You can start acting like a man by taking some responsibility for your son’s upbringing. Again, to quote the Godfather, “a man who doesn’t spend time with his family can never be a real man.” Unplug the TV, remove the batteries from the Game Boy, hide the cell phone—and put this exciting volume in your boy’s hands.

The Dangerous Book for Boys has become a huge bestseller on both sides of the Atlantic since it was first released in the United Kingdom last year and in the U.S. this summer. Its authors, brothers Conn and Hal Iggulden, set out to compile a handbook of knowledge no boy should be without, such as how to make invisible ink, navigate by the stars at night, and tie the sorts of complicated knots that sailors can.

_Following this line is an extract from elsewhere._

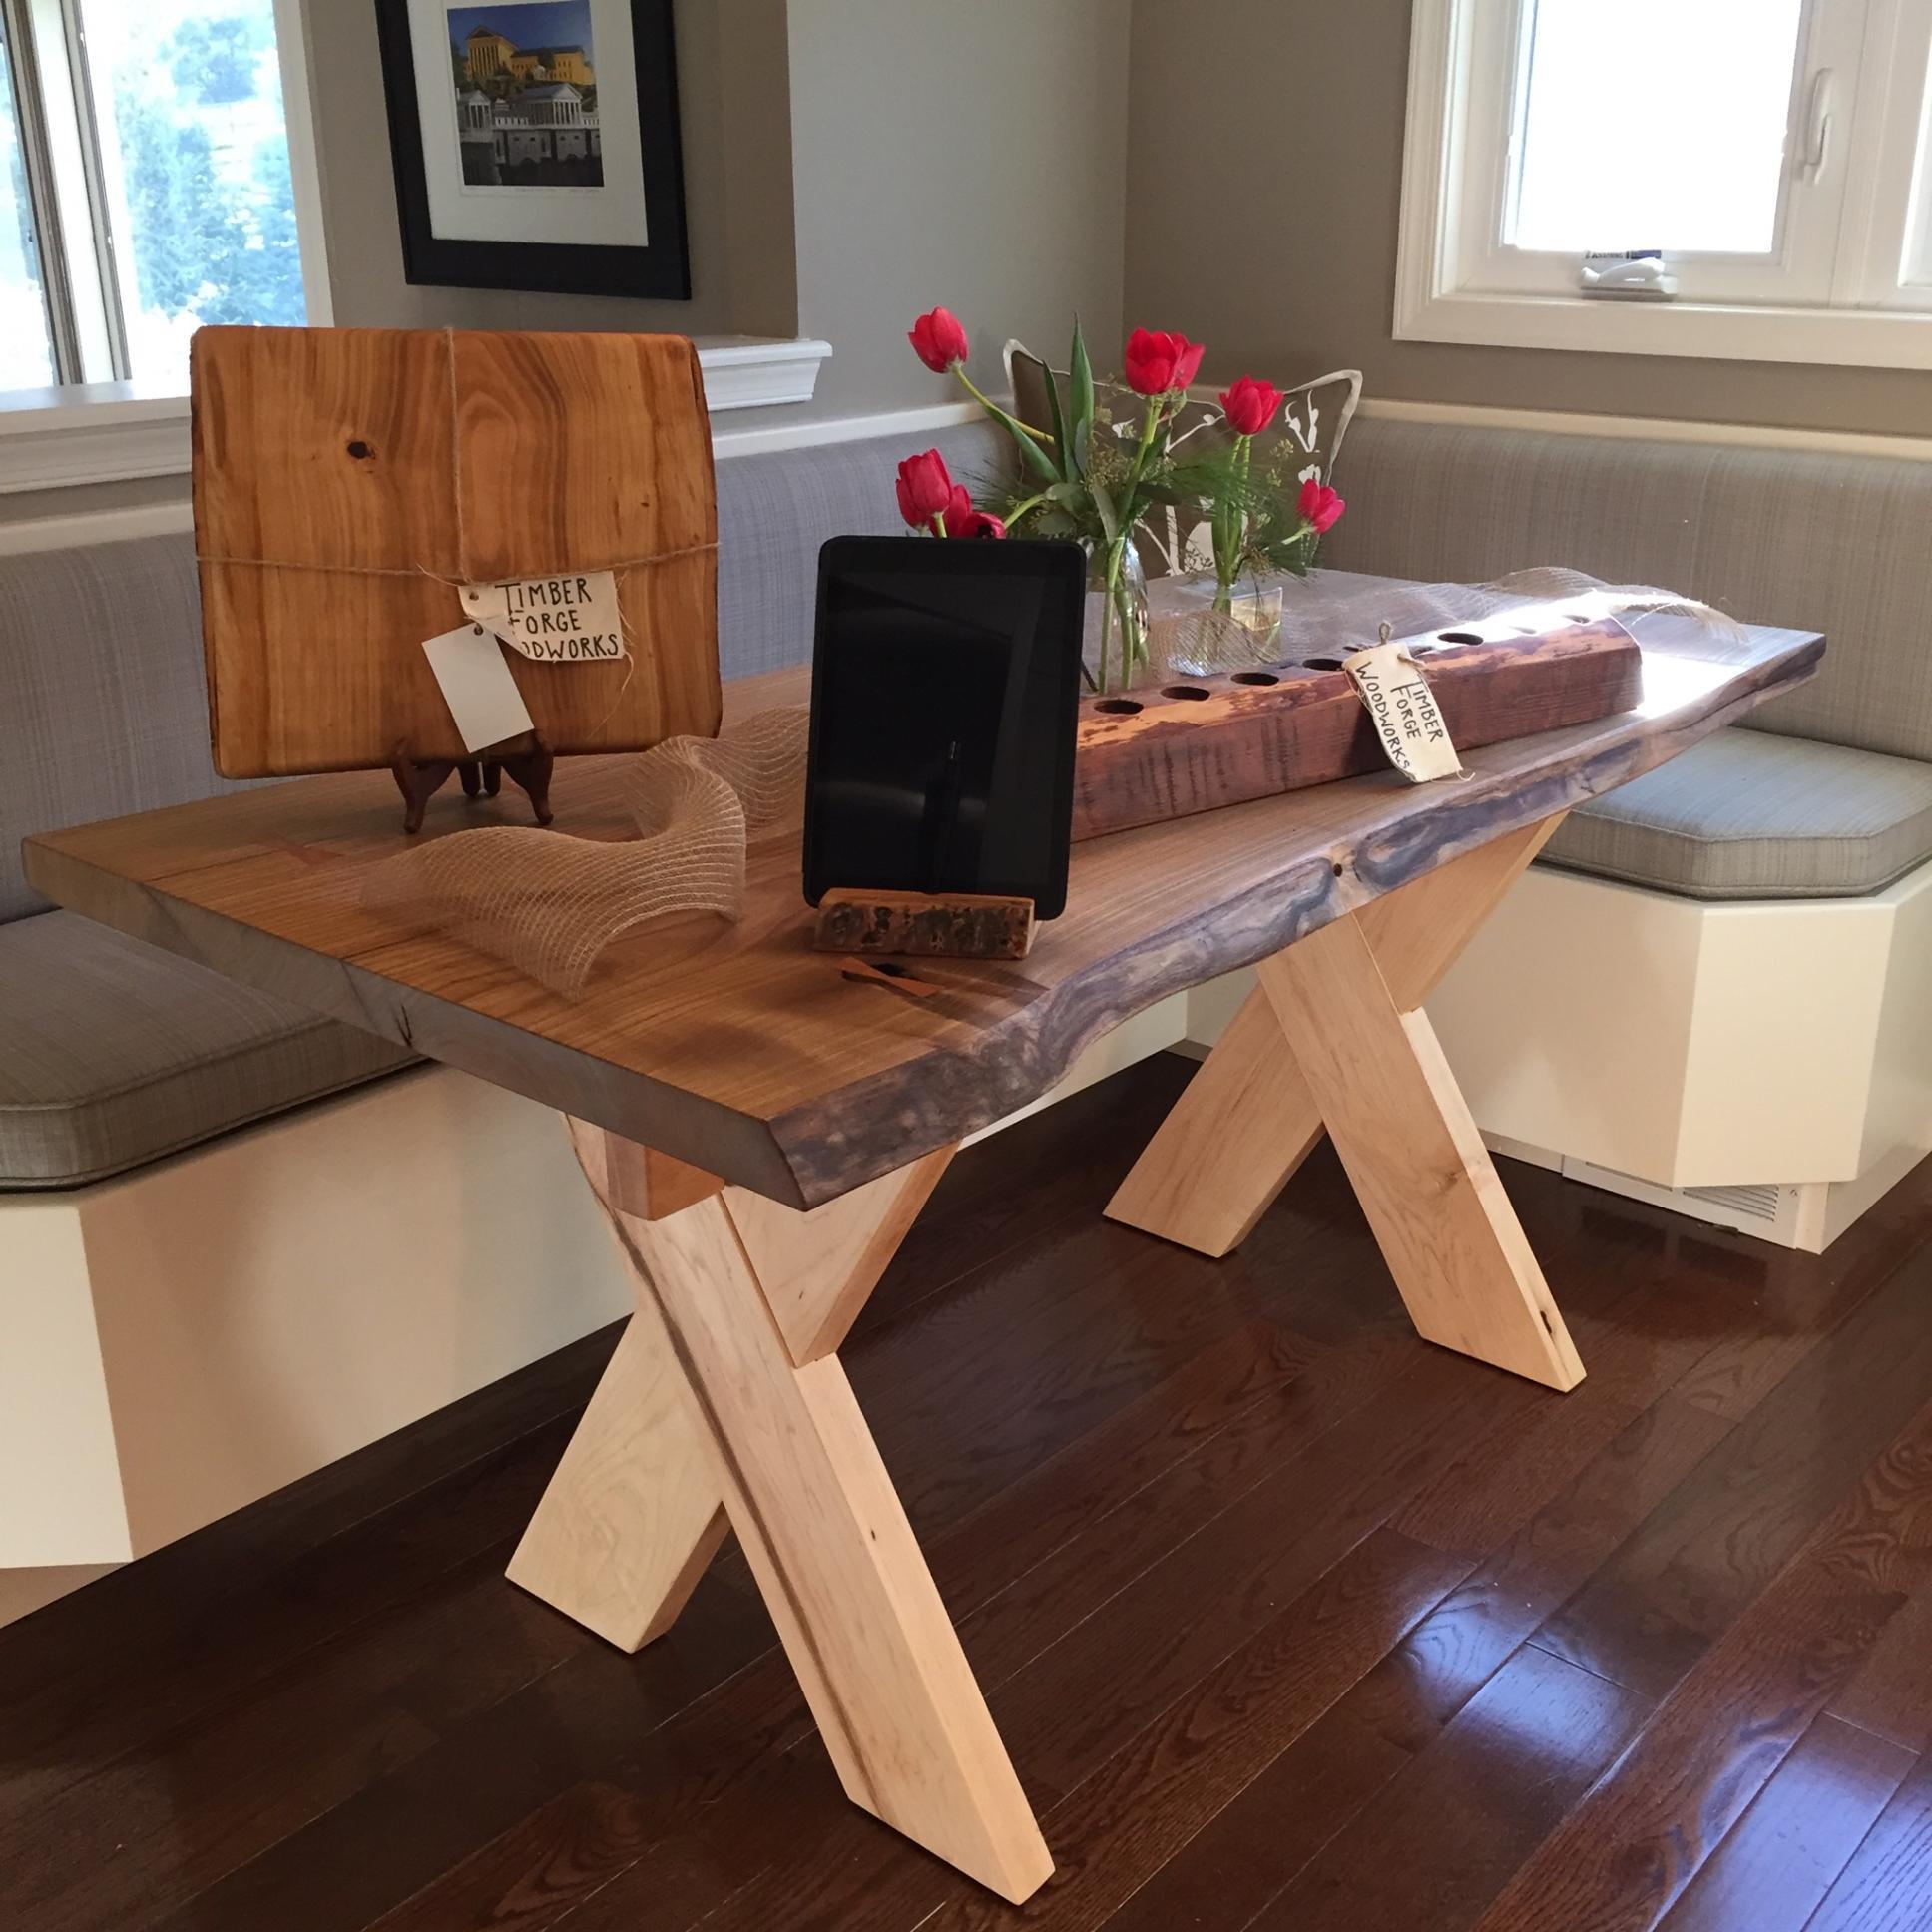 Cucumber Magnolia live-edge dining table

It has much the same information as a Boy Scout handbook, but without the boring textbook-style arrangement. The authors actually made this book fun by organizing it for how boys actually think. It jumps from one topic to another, not haphazardly, but in a sophisticated, almost Montessorian, manner that lets the reader follow his innate curiosity. What I like most is that it’s not meant to be read front-to-back; rather, open it to any page and you’ll find fascinating facts, stories, or projects. This book’s designed to become dog-eared over the years of a boy’s childhood.

It’s an excellent guide for fostering a young man’s self-reliance, full of useful do-it-yourself skills, such as making homemade batteries and electromagnets, learning coin tricks, and even memorizing the Navajo code-talkers’ phonetic alphabet. Just as importantly, it has many more-involved projects that dads and sons can work on together, like building a tree house, making a go-cart, and hunting and cooking a rabbit. Your son will have much fonder memories of you teaching him the rudiments of carpentry and marksmanship than he ever will from being dragged to a Promise KeepersÒ rally.

He will meet some genuine heroes from an age long before boys aspired to become, well, not anything at all, really. With beautiful color illustrations and maps, he can relive the battles of Hastings and Gettysburg and the valorous men who fought them. There are adventurous biographies about such men as Antarctic explorer Robert Scott, and aviator Douglas Bader, who took a commission with the RAF to become an ace fighter pilot despite the fact that he lost both legs as a young man in a flying accident.

This is the story that most moved me, because I saw in Bader the same qualities of character my own grandfather had. Right after Japan attacked Pearl Harbor, Evan Tucker, Jr., who lost the use of both legs to polio as a child, stood on his crutches all day outside an Army induction center on December 8, 1941, but the Army turned him down. Reading Bader’s account made me think that perhaps my granddad would have realized his dream of “fighting the good fight” for his country, had he been born in the land of his fathers.

Your son will have much fonder memories of you teaching him the rudiments of carpentry and marksmanship than he ever will from being dragged to a Promise Keeper’s rally.

The most charming entry is the Iggulden’s advice about girls, which imparts both gentlemanly guidance and tips on not being an immature ogre. Their observations are both practical and socially prudent. They’re certainly more levelheaded than the messages schools send out nowadays, with their strange mixture of hormonally agitating sex-ed classes and the chilling effect that sexual-harassment-awareness homilies subject kids to. My favorite tip was: “Avoid being vulgar. Excitable bouts of windbreaking will not endear you to a girl, just to pick one example.”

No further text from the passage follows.